Hey guys...remember when the site went down a few days ago? Notice how things are moving a little slower lately? Notice some of the features slowly disappearing? Turns out being so fantastically popular and jam-packed with amazing features is also expensive as fuck. We're about to get kicked the hell off of our current webhost for sucking too much bandwidth and making their servers crash. 

That's actually kind of awesome. We're growing like mad and we offer a lot of innovative features nobody else has. Only trouble is, we haven't got the cash on hand to buy us a dedicated server to run rampant upon. 

I'm not trying to sound like a whiny little miser or anything, but being this awesome costs money...money from my own Jezpockets.

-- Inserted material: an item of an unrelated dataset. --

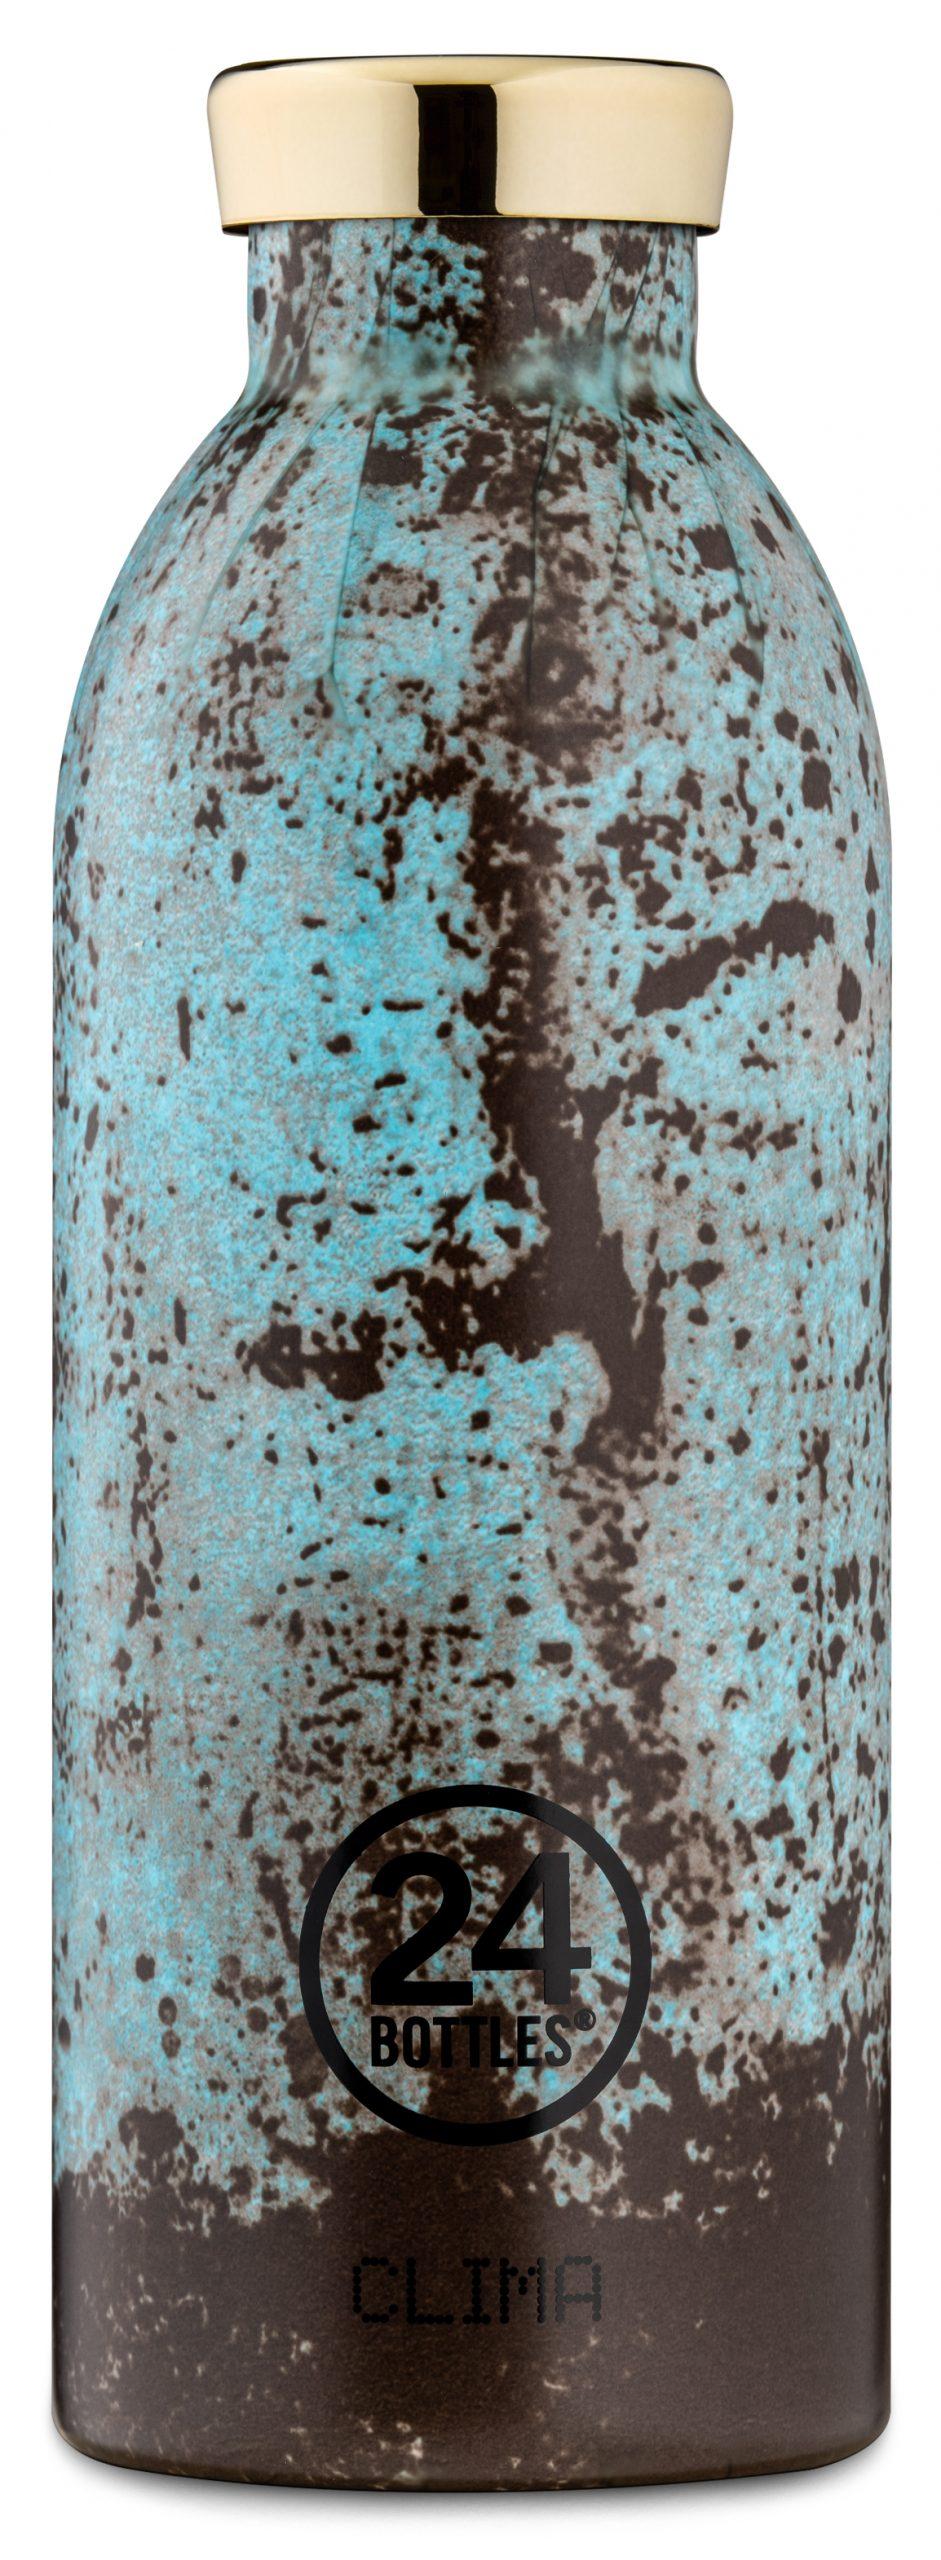 24bottles® Clima Bottle 500ml – Riace
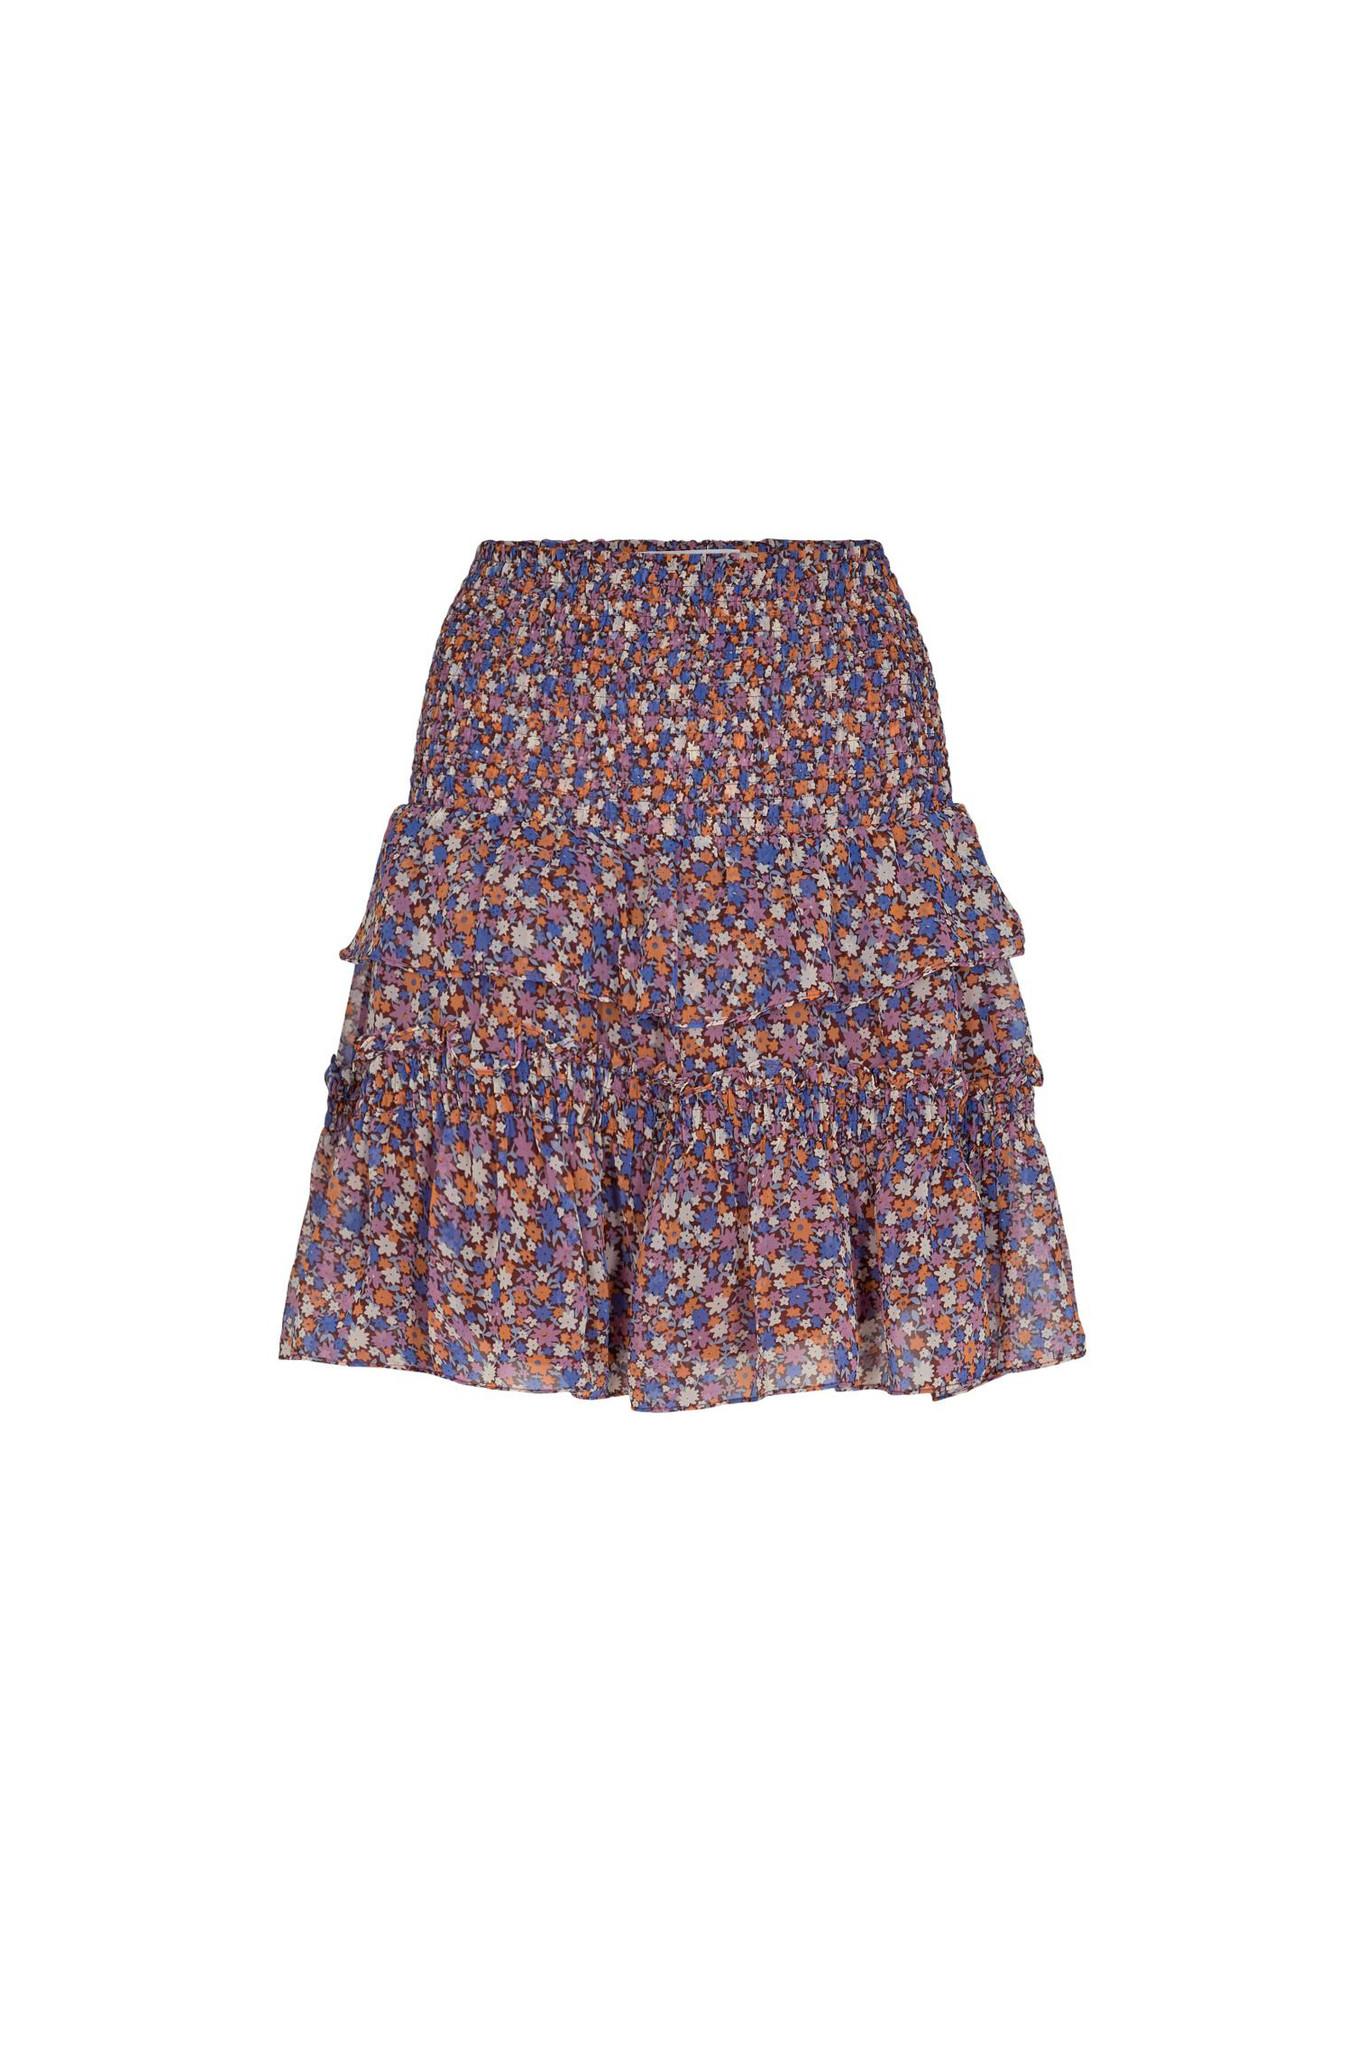 Amore Flower Smock Skirt - Purple-1

Those lovely ads, and our handful of loyal, dedicated, and much beloved supporters are paying the bills for now, but they don't bring in enough dough to jump ship for our own server.

In short, we need your help if you want to keep all the swanky shit like the shoutbox, pictures in sigs, custom avatars, the gallery, the arcade, etc., or get new fun stuff like multiple board themes, improvements to the chat and the like.

I'm not telling you to quit mooching and pay up, and I'm not trying to get rich off of your hard earned cash (trust me, there's easier ways to make money), I'm just saying that we're growing, very fast, and we need a little boost from anyone who's willing and able if we're to keep going at this rate.

*Support Heresy Online*​
http://www.heresy-online.net/forums/showthread.php?t=3575​


----------



## Galahad (Dec 21, 2006)

We're almost there! Just two more full year subscriptions!

Come on, guys, who's going to push us over the top?


----------



## Katie Drake (Nov 28, 2007)

Galahad said:


> We're almost there! Just two more full year subscriptions!
> 
> Come on, guys, who's going to push us over the top?


I've done one.


----------



## Galahad (Dec 21, 2006)

*Thank You!*

We did it, guys, we made our goal for the new server!

So as a thanks to all of you for your dedication and generosity, come to THIS THREAD and make a post. Any subscriber who posts (no matter when they subscribed) gets a bigass rep boost from yours truly.


----------



## Lemartes (Dec 16, 2007)

I made the last one needed.

Now give me Ale !


----------